Preparations and code


In [85]:
import pymc
import seaborn as sns
import scipy.stats as stats
import numpy as np
import matplotlib.pyplot as plt

%matplotlib inline

In [8]:
def calculate_single_kl_value(p, q):
    return p * (np.log(p) - np.log(q))

def single_bernoulli_draw(p, n_bern):
    bernoulli = pymc.Bernoulli('bern', p, size = n_bern)
    return float(bernoulli.value.sum())

def perform_bernoulli_experiment(p, n_bern, n_samples):
    bernoulli_successes = []
    for idx in range(n_samples):
        bernoulli_successes.append(single_bernoulli_draw(p, n_bern))
    return bernoulli_successes

def calculate_full_kullback_leibler(p, n_samples, n_bern):
    bernoulli_successes = perform_bernoulli_experiment(p, n_bern, n_samples)

    bern_hist, bern_loc = np.histogram(bernoulli_successes, bins=100, density=True)
    
    mu = p * n_bern
    sigma = mu * (1 - p)

    kl = 0 
    null_cnt = 0
    for idx in range(len(bern_loc)-1):
        x = bern_loc[idx]
        p = bern_hist[idx]
        q = stats.norm.pdf(x, loc=mu, scale=sigma)
        if (p > 0.0) & (q > 0.0):
            kl += calculate_single_kl_value(p, q)
        else:
            null_cnt += 1

    return kl / (n_samples - null_cnt)

Histogram of the Bernoulli variable

... looks pretty normal, I would say


In [23]:



0.00884955752212 0.0107956438107

In [49]:
from scipy.stats import norm

fig = plt.figure(figsize=(10, 6.5))
data = perform_bernoulli_experiment(0.02, 10000, 10000)
hist = plt.hist(data , bins=99, normed= True, label = 'n-fold Bernoulli distribution');
plt.xlabel('number of successes', fontsize = 20);
plt.ylabel('number of occurences', fontsize = 20);
plt.tick_params(axis='both', which='major', labelsize=16);
plt.tick_params(axis='both', which='minor', labelsize=12);

mu, std = norm.fit(data)

x = np.linspace(min(data), max(data), 100)
p = norm.pdf(x, mu, std)
plt.plot(x, p, '--k', linewidth=2, label='Gaussian fit')
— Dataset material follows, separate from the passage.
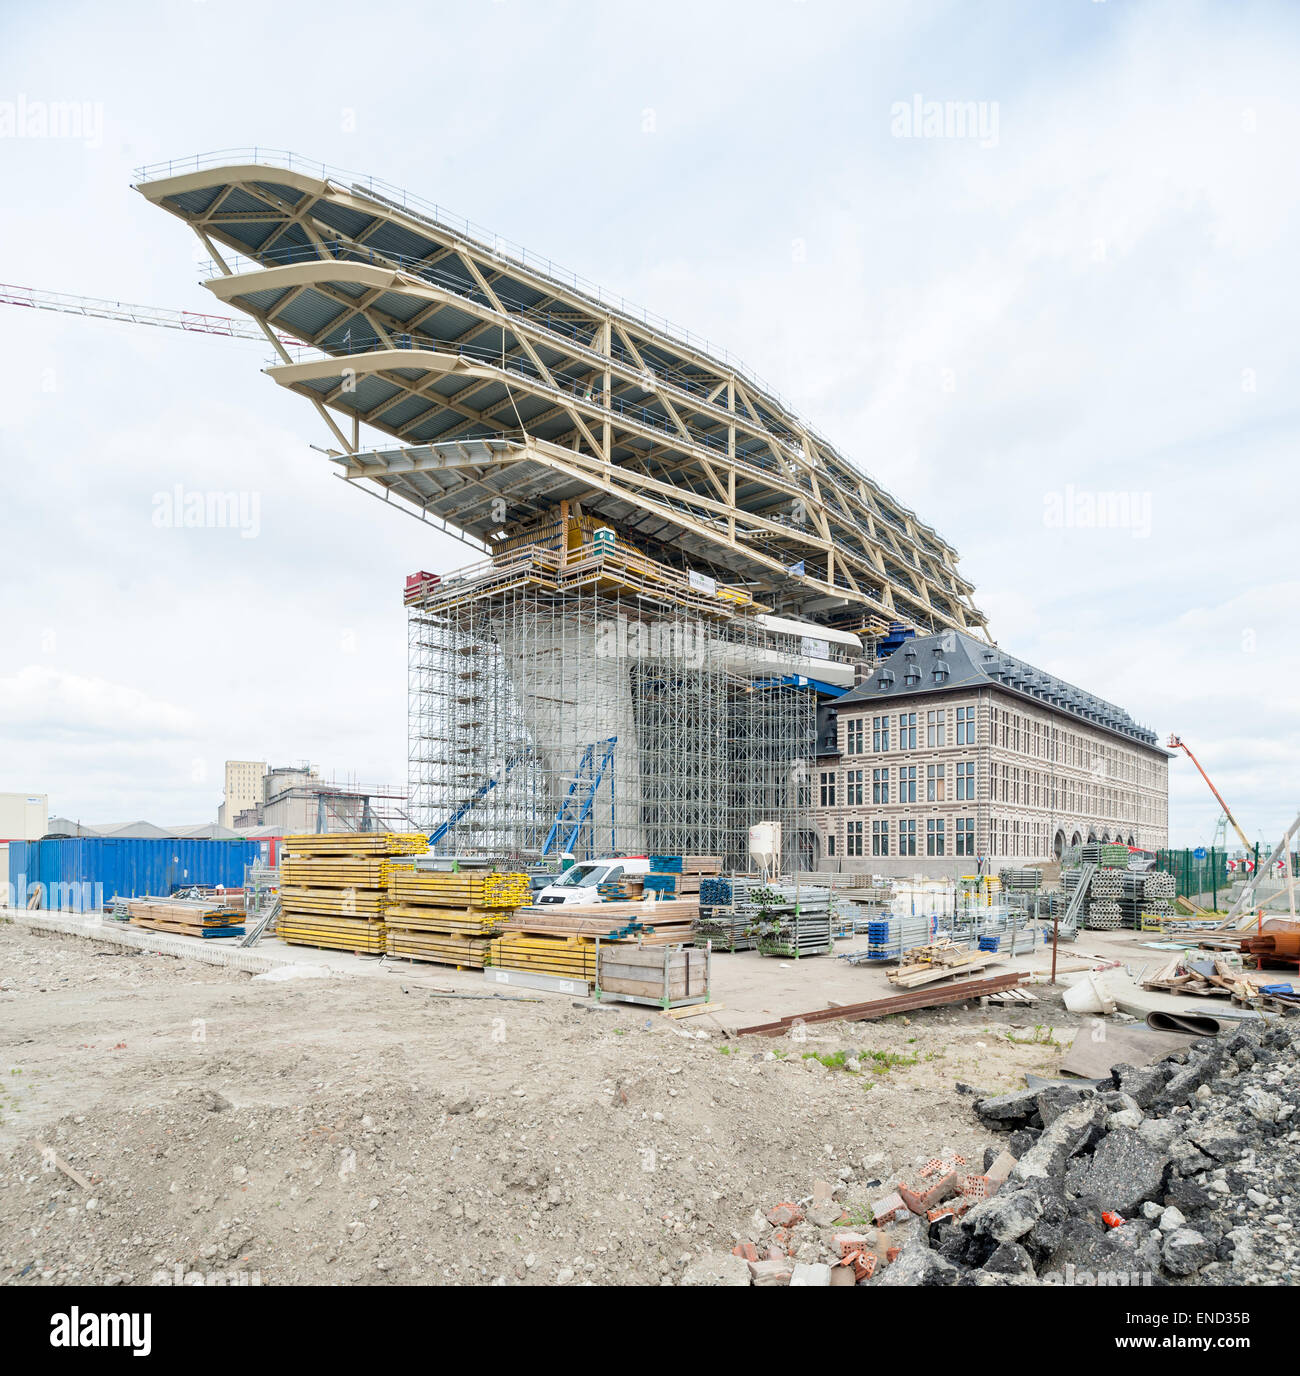 Belgium, Antwerp, Nieuw havenhuis designed by Zaha Hadid in construction Stock Photo

plt.xlim([min(data), max(data)])
plt.legend(loc='best', fontsize=16)


Out[49]:
<matplotlib.legend.Legend at 0x10d297990>

KL curve with uncertainty and mean


In [9]:
p = 0.02
n_bern = 10000
sample_sizes = [100, 250, 500, 750, 1000, 2500, 5000, 7500, 10000, 50000]


lst_kl_values = []
for idx in range(10):
    kl_values = []
    for n_samples in sample_sizes:
        kl_values.append(calculate_full_kullback_leibler(p, n_samples, n_bern))
    lst_kl_values.append(kl_values)
kl_array = np.asarray(lst_kl_values)

In [82]:
fig = plt.figure(figsize=(10, 6.5))
p1 = plt.loglog(sample_sizes, kl_array.mean(axis=0), '--o', markersize=10, linewidth = 3, label = 'mean');

p2 = plt.fill_between(sample_sizes,
                 kl_array.mean(axis=0) + 3* kl_array.std(axis=0),
                 kl_array.mean(axis=0) - 3* kl_array.std(axis=0),
                 color='green',
                 alpha='0.35',
                 label= 'sigma range')
plt.xlabel('number of realizations', fontsize = 20);
plt.ylabel('Kullback-Leibler divergence', fontsize = 20);
plt.xlim([min(sample_sizes), max(sample_sizes)])
plt.tick_params(axis='both', which='major', labelsize=16);
plt.tick_params(axis='both', which='minor', labelsize=12);


The Kullback-Leibler divergence quickly approaches zero and with as few as 1000 samples we're already well below $10^{-2}$ in difference to a Normal distribution. Long live the central limit theorem!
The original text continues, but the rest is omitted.